In that moment, the curtain is drawn back to reveal Hamish, his uncle and Father behind him. Papa leaves the room, and shuts the curtain behind us.

We don't say much; words often escape us.

But I never mind.

Chapter 3- Moran

We drop off Hamish and Sabrina at a small house by the shore. It's fully stocked with everything they might need. I'm not worried for them; Sabrina was always an independent person. I'm more worried about James. He's been so quiet since last night. He barely spoke to me when I gave him his coffee this morning, and when he was speaking with Holmes it was hushed and rushed. If he still has the same agreement with Mycroft that was set back in finishing school, this should be a seamless transition for these kids.

As we're flying back to London, I lean over to Jim and quietly ask him. "Jim? You okay?"

He has a look of confusion on his face. "So you told Sabrina everything that might push her away from Hamish? And it still didn't work?"

"I'm afraid so."

"Then what else can be done to pull them away from each other?"

"Well, what if we don't do any of the pulling, but let them slowly fall apart instead?"

"Tiger, are you getting smarter?" Jim breaks a smile. "I like it. I think it's time for our daughter's criminal daybieu."

Chapter 4- John

It's been a year.

I can't help but think about what happened every day. Was there something I could have done, something I could have said to make it all better for him?

Of course not. His world ended before I even got to the door.

Sherlock doesn't like to talk about it. All the photos of Hamish I had ever taken are gone, stored somewhere. His door stays locked, untouched since that fateful night. It's as if Hamish has been erased from Sherlock's mind palace.

Mycroft and Molly are over today, probably more for my sake than for anyone else's. They're sitting with Sherlock in the parlor, casually drinking tea and chatting about who knows what. They don't even care that Hamish killed himself a year ago.

I wonder if Moriarty and Moran know that today is the anniversary of their daughter's death. Probably.

I put on a plastered smile and join the others in the parlor.

"Ah, John, just in time," Sherlock says as I sit down. "Molly was just telling us about the new equipment in the autopsy rooms. Weren't you?"

Molly seems caught off guard. "Um, uh yes. Yes I was. As a matter of fact, the whole hospital is upgrading this year. It's been the highlight of the month."

She continues to tell us about the upgrades St. Bart's is receiving. Don't get me wrong, Molly's a lovely girl, but I just don't see the point in anything anymore. I haven't felt this upset since Sherlock… well, you know.

Sherlock notices I'm upset, so he gives his brother a weird look and says, "I think it's time."

Mycroft nods and turns to me. "John, it's time you know what really happened on this day a year ago."

I stare in shock. "I thought you guys didn't care. "

"We always have." Sherlock and Molly aren't saying anything.

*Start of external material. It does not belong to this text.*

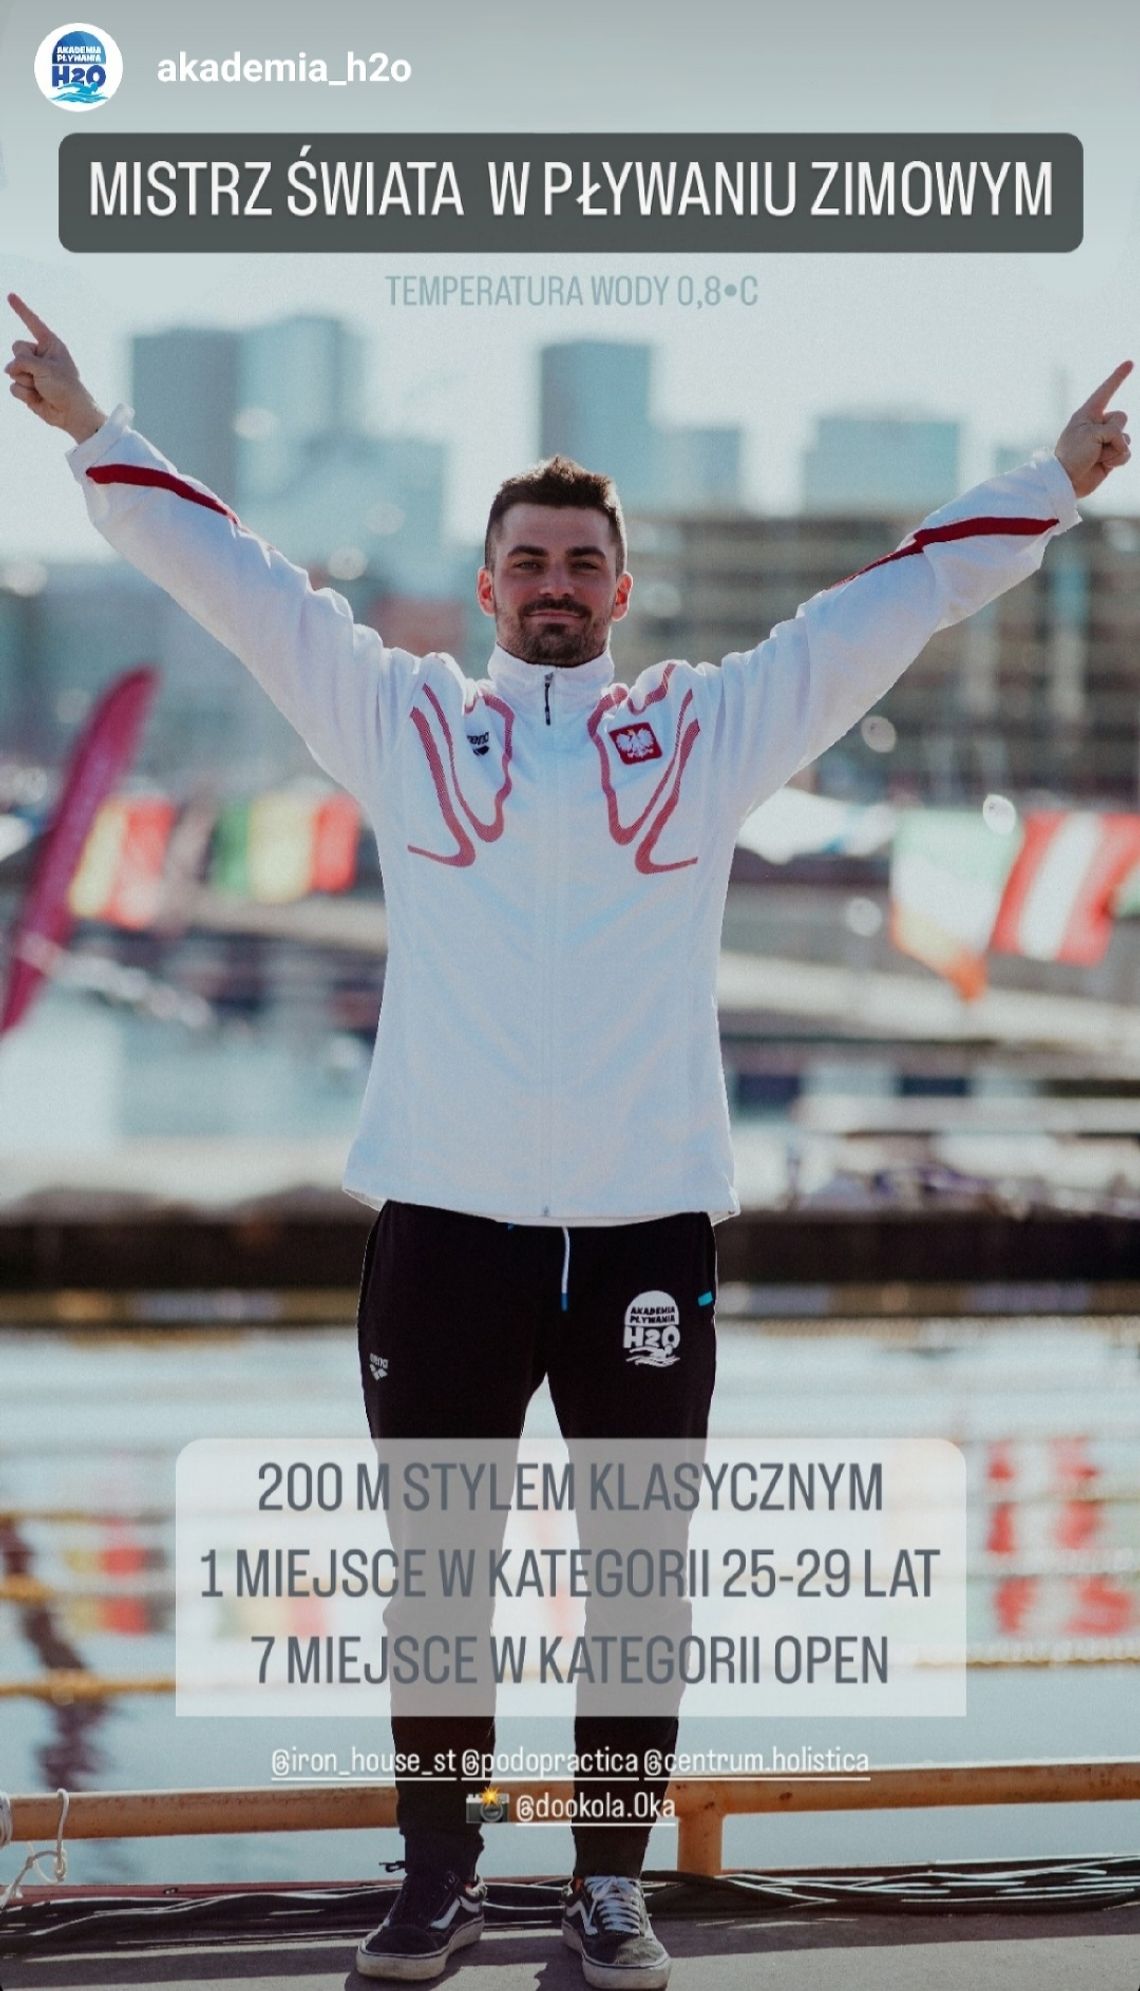 Mateusz Szymański z Włocławka Mistrzem Świata w Pływaniu Zimowym

She looks like she's about to sob; he looks pensive and remorseful.

"Okay," I begin. "What happened last year that I don't already know about?"

"Well, you already know that Sabrina was stabbed by a candlestick in the back, and that Hamish drank a vial of poison. But the girl didn't die in front of you: she merely went into shock. We managed to neutralize the poison in your son's bloodstream. They both survived."
I'm on my feet now. "You mean to tell me that my son has been alive this whole time?"

Mycroft nods.

I punch him square in the jaw.

"John, control yourself!" Sherlock is on his feet now as well. Molly is still sitting there, in shock that I had the audacity to punch her husband.

"If you would just listen to me, you'd understand why you had to think that they were dead for this long." Mycroft has recovered from the blow, holding the place where I punched him.

"Then please, shed a little light on this," I reply, shaking with an emotion I can't begin to describe. "Why hasn't my son contacted me in a year? Sherlock, why aren't you surprised? Has your new best friend Moriarty told you something I don't know?"

Sherlock looks genuinely upset, and I regret what I said. "Honestly, John, it wasn't that hard to figure out. One cup of coffee with Molly and I knew everything."

"Can't we all just sit back down, please?" Molly pours more tea in everyone's cup.

We all sit.

"Now, if you're done beating me up, I'll tell you everything." the older Holmes brother says.

"Fine. Tell me everything."

"After the two of them woke up, we told them that they had to disappear for a while. Remember how you two had that little plan with Moriarty? Well that wasn't all of it. He wanted what happened to happen, but I'm not sure for what reason. I managed to talk him out of his devious plan, which was no easy task. He agreed to let them live and be happy together, but the condition was that they had to cut off all contact with the two of you for as long as it took to finalize… something with their daughter. Thanks to the agreement I have with James, he's been giving me updates on how they're doing."

At the mention of their agreement, Molly's face turns to stone. I had heard that Moriarty leaked some information about his relationship with Mycroft to her a while back. Nobody else knows what it says.

"So, are they okay?"

"They're just fine, living at the shore. I know Hamish wants to see you two again as much as you do."

I sm immediately comforted by the fact that my son hasn't forgotten me.

"Speaking of which, when can we go see them? Is it okay to meet with them again?"

"Actually, we can leave in half an hour. It's not a terrible drive, but it requires some supplies. If you two would get ready, we can go see your son soon."

Chapter 5- Sabrina

Everything had to be timed out perfectly, like an elegant dinner party.

The first crime was like the appetizer. Intriguing, puzzling, exciting. Fresh material, if you would.

The second time they see you is cocktail hour. A huge statement about your crimes that leaves some ambiguity to your identity. It's surprising, but not too shocking.

Then comes the entree. The giant web of crimes that scares people into wanting more. If they never see you coming, their reaction is all the more savory.

And of course, the dessert is the sweetest part. The destruction of your biggest adversary, permanent or not. A delicious ending to a lovely string of crimes.

The only downfall to the structure is the blood on your hands. But, as Father always says, if you don't physically carry out the plan, the blood is not yours to wash out in the sink. I suppose that should give me some comfort when all of this unfolds. the thing I worry most about is how Hamish will react to it. I mean to tell him, I really do, but today is the first time we'll see Sherlock and John in a year, and I know he's anxious.

We've been living here for a year now, and I can't say I've hated it here. Quite the opposite, in fact. Some days I wish we could just forget the mess that is our lives and stay by the shore.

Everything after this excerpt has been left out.